Environment: J2EE, JDBC, Java 1.4, Servlets, JSP, Struts, Hibernate, Web services, RESTfull services, SOAP, WSDL, Design Patterns, MVC, HTML, JavaScript 1.2, WebLogic 8.0, XML, Junit, Oracle 10g, My Eclipse.
Confidential
Java Developer
Responsibilities:
- Implemented the project according to the Software Development Life Cycle (SDLC)

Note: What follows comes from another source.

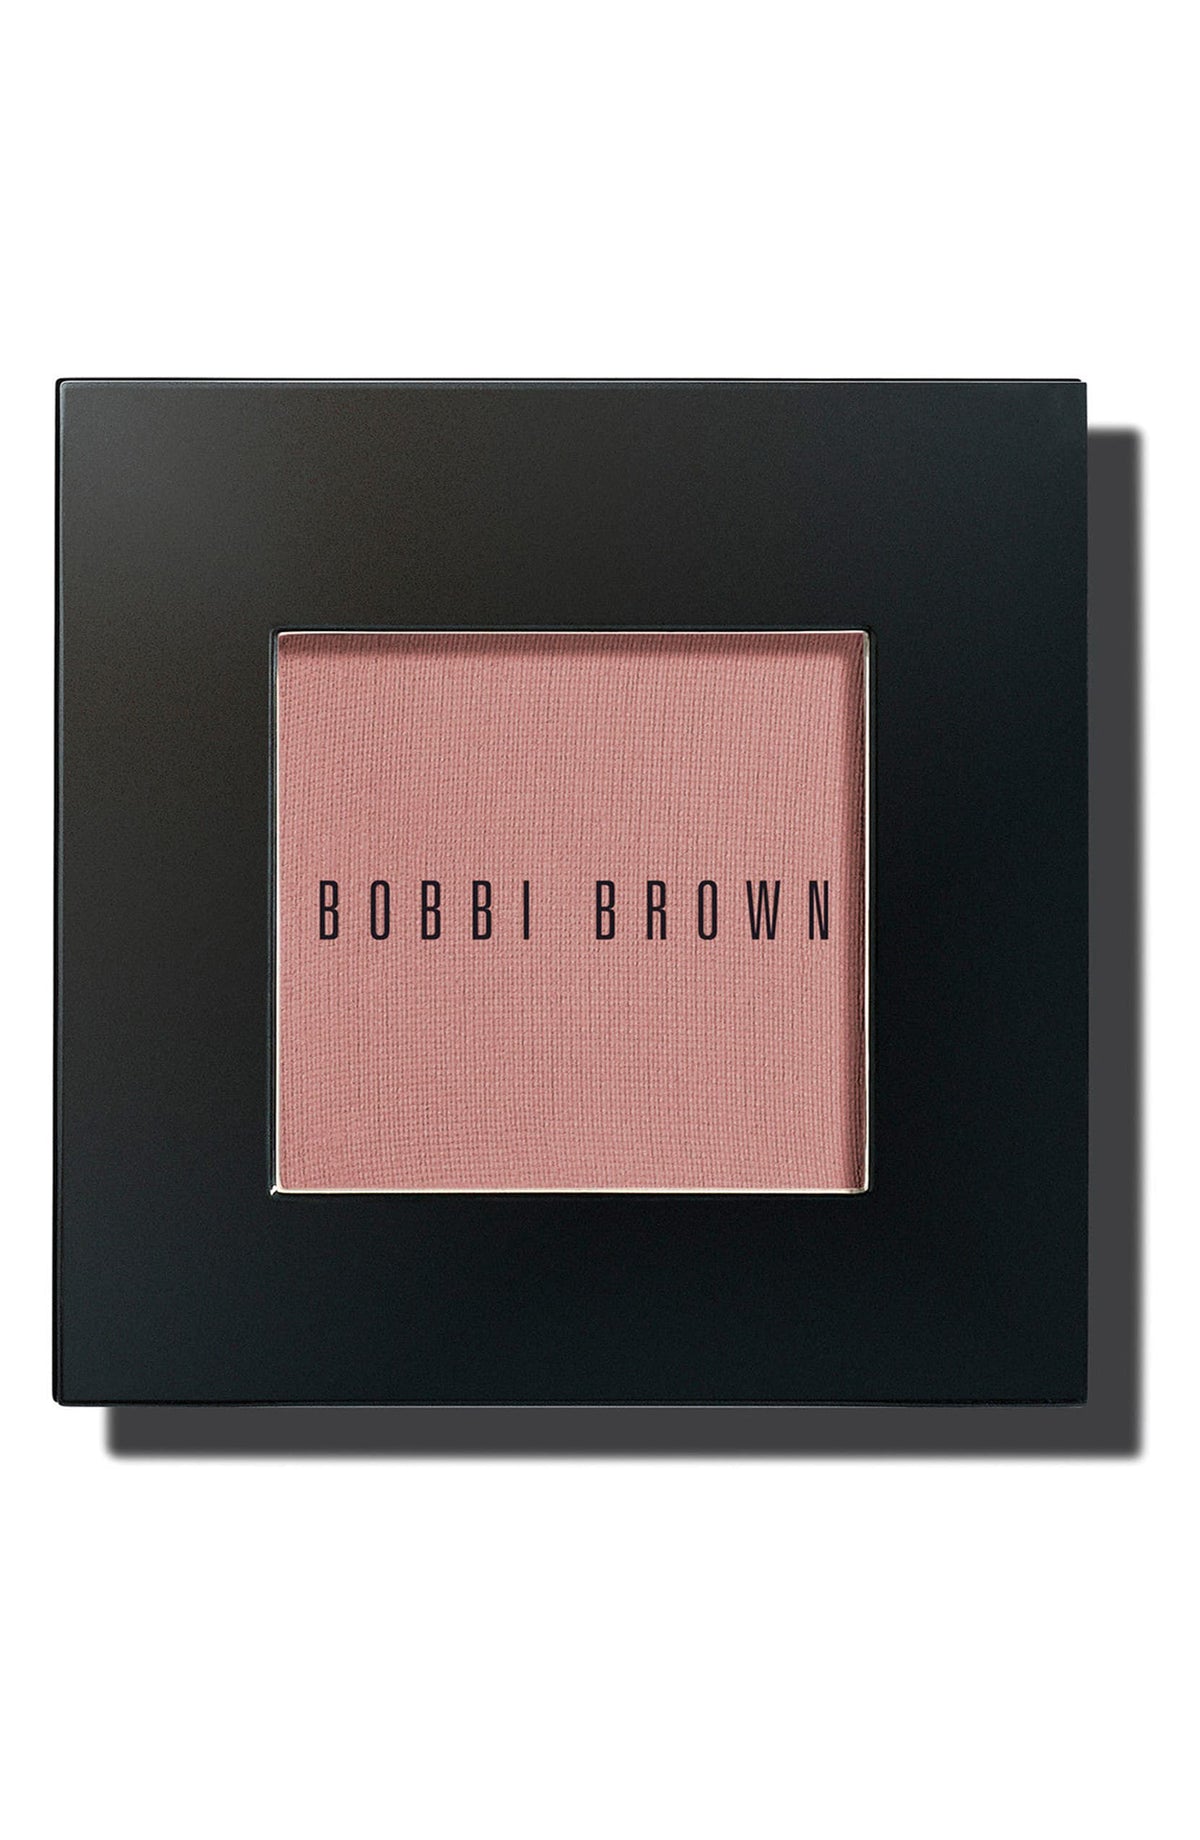 Bobbi Brown Eye Shadow - eCosmeticWorld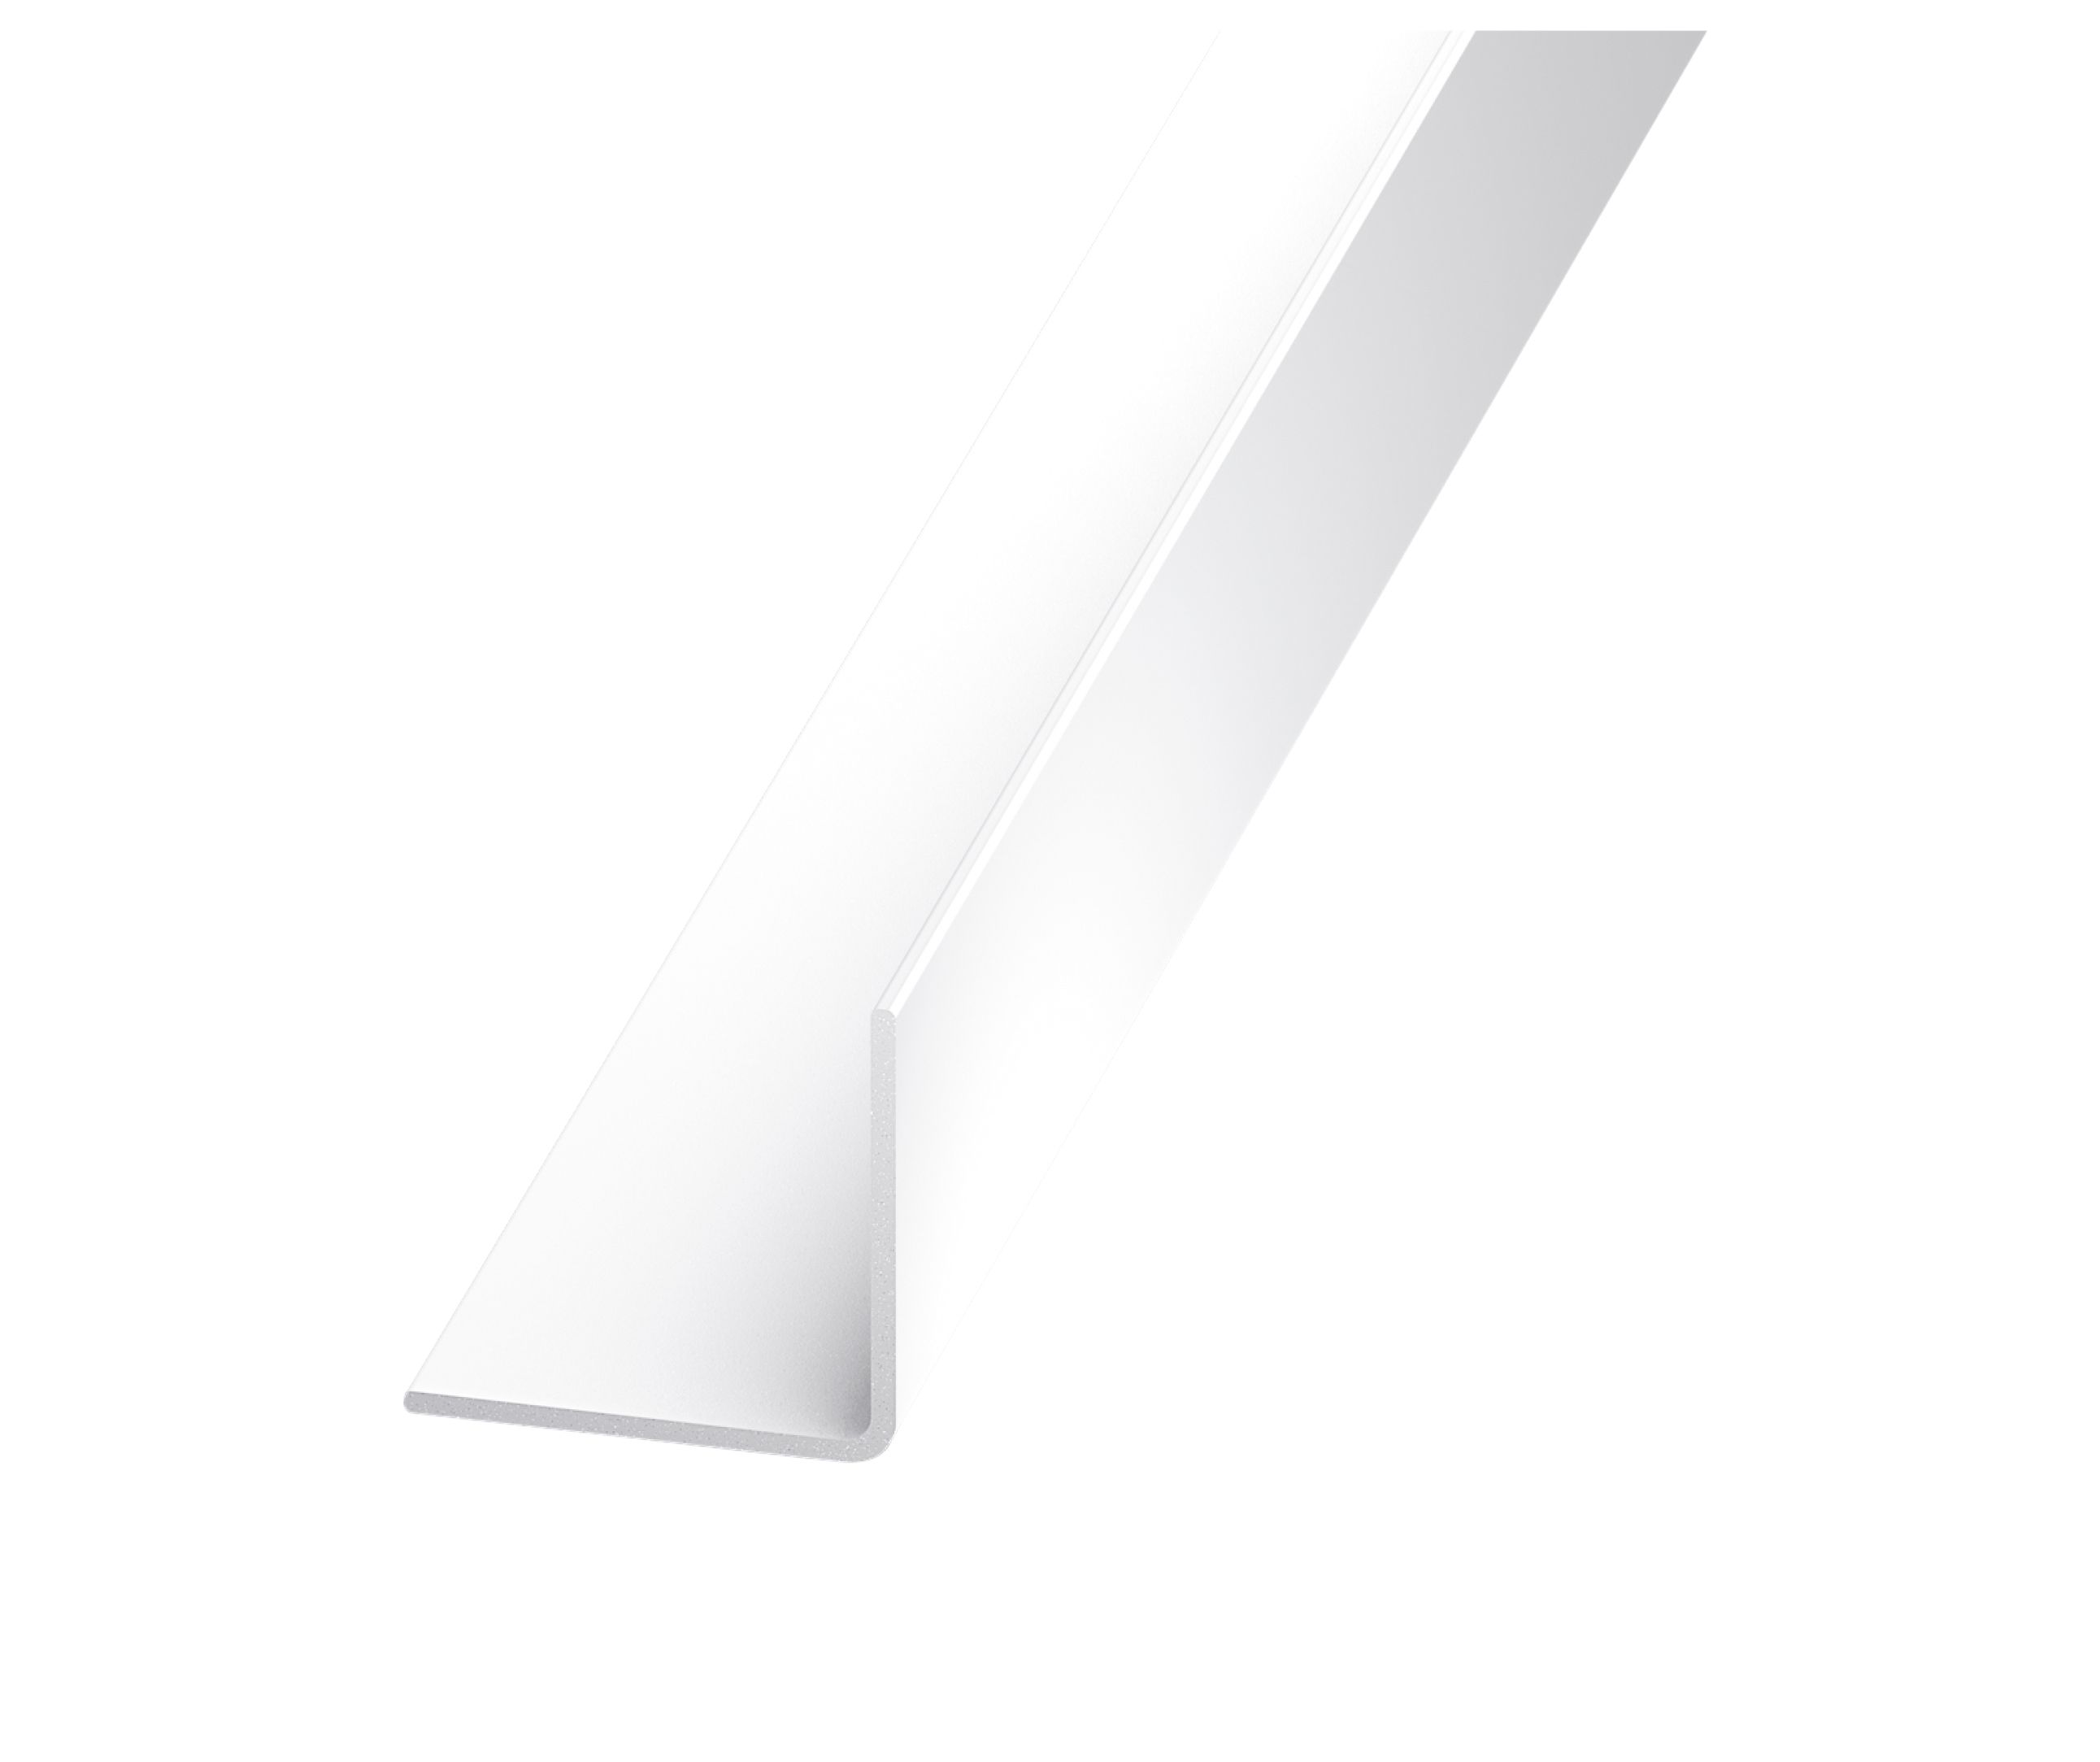 CQFD White Polyvinyl chloride (PVC) Equal L-shaped Angle profile, (L)2.5m (W)15mm (T)1mm

- Implemented JDBC for mapping an object-oriented domain model to a traditional relational database
- Created Stored Procedures to manipulate the database and to apply the business logic according to the user’s specifications
- Developed the Generic Classes, which includes the frequently used functionality, so that it can be reusable
- Exception Management mechanism using Exception Handling Application Blocks to handle the exceptions
- Designed and developed user interfaces using JSP, JavaScript and HTML
- Involved in Database design and developing SQL Queries, stored procedures on MySQL
- Used CVS for maintaining the Source Code
- Logging was done through log4j
Environment: JAVA, Java Script, HTML, log4j, JDBC Drivers, Soap Web Services, UNIX, Shell scripting, SQL Server.